The ontogeny of the righting reflex was delayed in animals prenatally exposed to nicotine (Figure 1b; F(1, 20)=40.3, p<0.001). Rats in both groups showed decreased latencies to right themselves onto all four feet from a supine position over the consecutive sessions (F(3, 60)=27.2, p<0.001). There was no group × PND interaction.

Similarly, the ontogeny of negative geotaxis was significantly delayed in rats prenatally exposed to nicotine (Figure 1c; F(1, 20)=5.92, p<0.03). Both groups decreased the latencies to turn 180° over the consecutive sessions (F(3, 60)=15.8, p<0.001). There was no group and PND interaction.

Rats prenatally exposed to nicotine also showed decreased grip strength on PND17 (Figure 1d; F(1, 20)=9.24, p<0.01).

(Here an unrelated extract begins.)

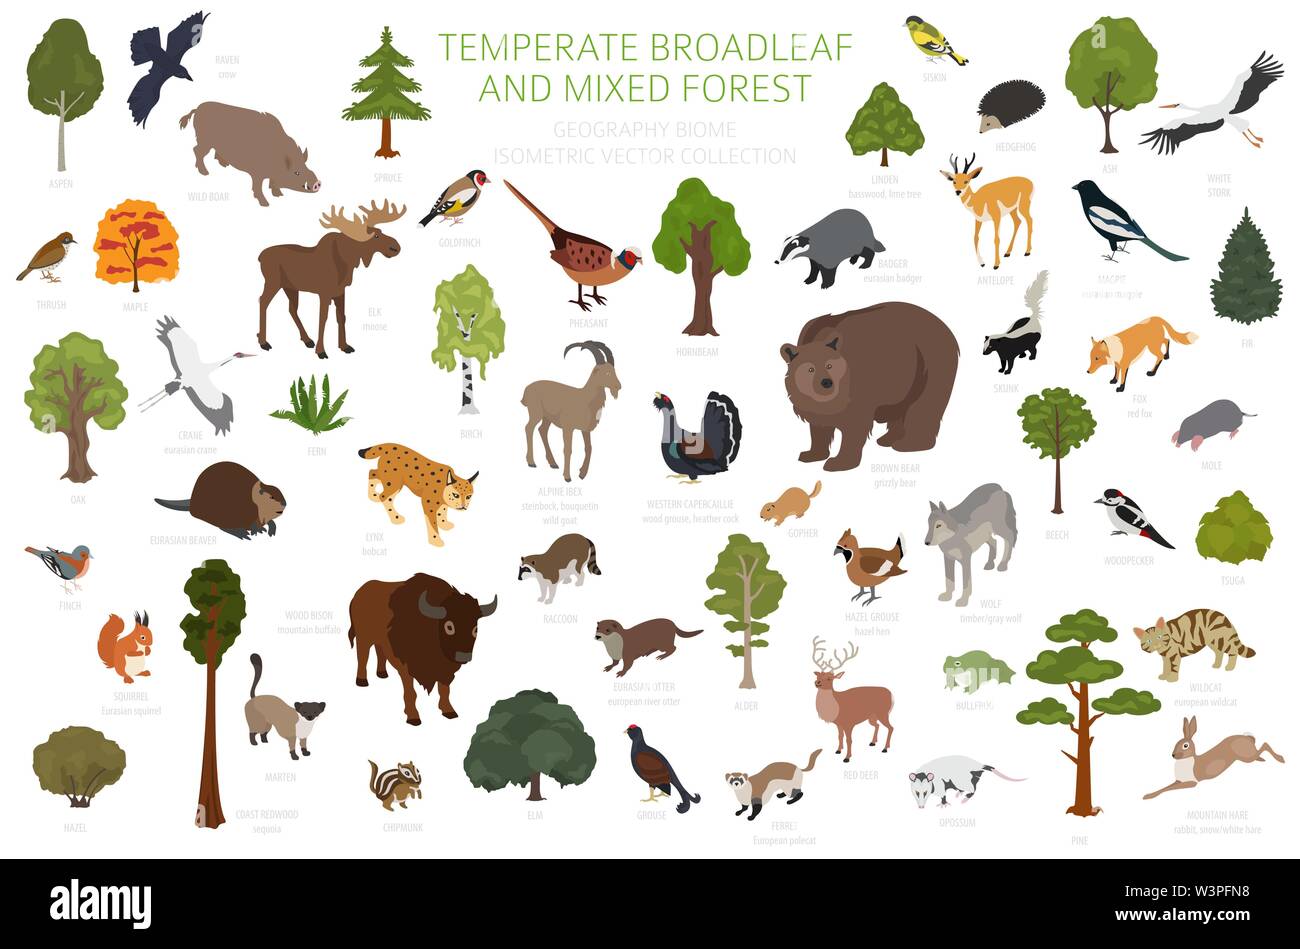 Gemäßigt breitblättrige Wald und Mischwald biome. Terrestrischen Ökosystem Weltkarte. Tiere, Vögel und Pflanzen. 3d-isometrische Grafik Design. Vektor Stock Vektor

Locomotor Activity in Adulthood

There was no difference between nicotine-exposed and control animals in the number of cage crosses during a 60-min session (57.4±8.8 vs 59.9±9.3, respectively).

5-CSRTT

There was no difference between control and nicotine-exposed animals during acquisition of the task when the duration of the visual stimuli was either 10 or 5 s. However, at the final stage when a 1-s stimulus duration was used, the performance of rats prenatally exposed to nicotine was compromised (Figure 2). Under this condition, adult rats prenatally exposed to nicotine exhibited: decreased accuracy (F(1, 20)=6.25, p<0.03; Figure 2a); smaller numbers of reinforcers earned (F(1, 20)=6.11, p<0.03; Figure 2c); and an increased percentage of anticipatory responses (F(1, 20)=22, p<0.0001; Figure 2d). There was also a trend toward increased omission errors (F(1, 20)=3.02, p<0.1) and a significant group × day interaction (F(11, 220)=1.90, p<0.05; Figure 2b); the numbers of omission errors were increased during the first 2 days after introduction of the 1-s stimulus duration and on day 5. There was no group × day interaction for anticipatory responses (F(11, 220)=1.81, p=0.06), accuracy (F(11, 220)=1.59, p=0.1), and the number of reinforcers earned (F(11, 220)=1.54, p=0.1), and there was no between-group difference in the speed of responding for either correct or incorrect responses (F(1, 11)=3.31, p=0.1 and F(1, 11)=0.04, p=0.8, respectively). There was a significant effect of day for all variables shown in Figure 2 (smallest F(11, 220)=5.38, p<0.001) that was attributable to a progressive improvement of performance over the 12 days for accuracy, numbers of reinforcers, and anticipations; only the pattern of omission errors did not show an orderly relationship over days.

Figure 2
figure 2

Impairments in attentional performance in the 5-CSRTT in adult control rats (n=12) and in nicotine-exposed rats (n=10). Data are shown for percentage correct responses (a), number of anticipations, percentage omission errors (b), number of reinforcers earned (c), and percentage numbers of anticipatory responses (d) for 12 days when a 1-s stimulus duration was used (means±SEM).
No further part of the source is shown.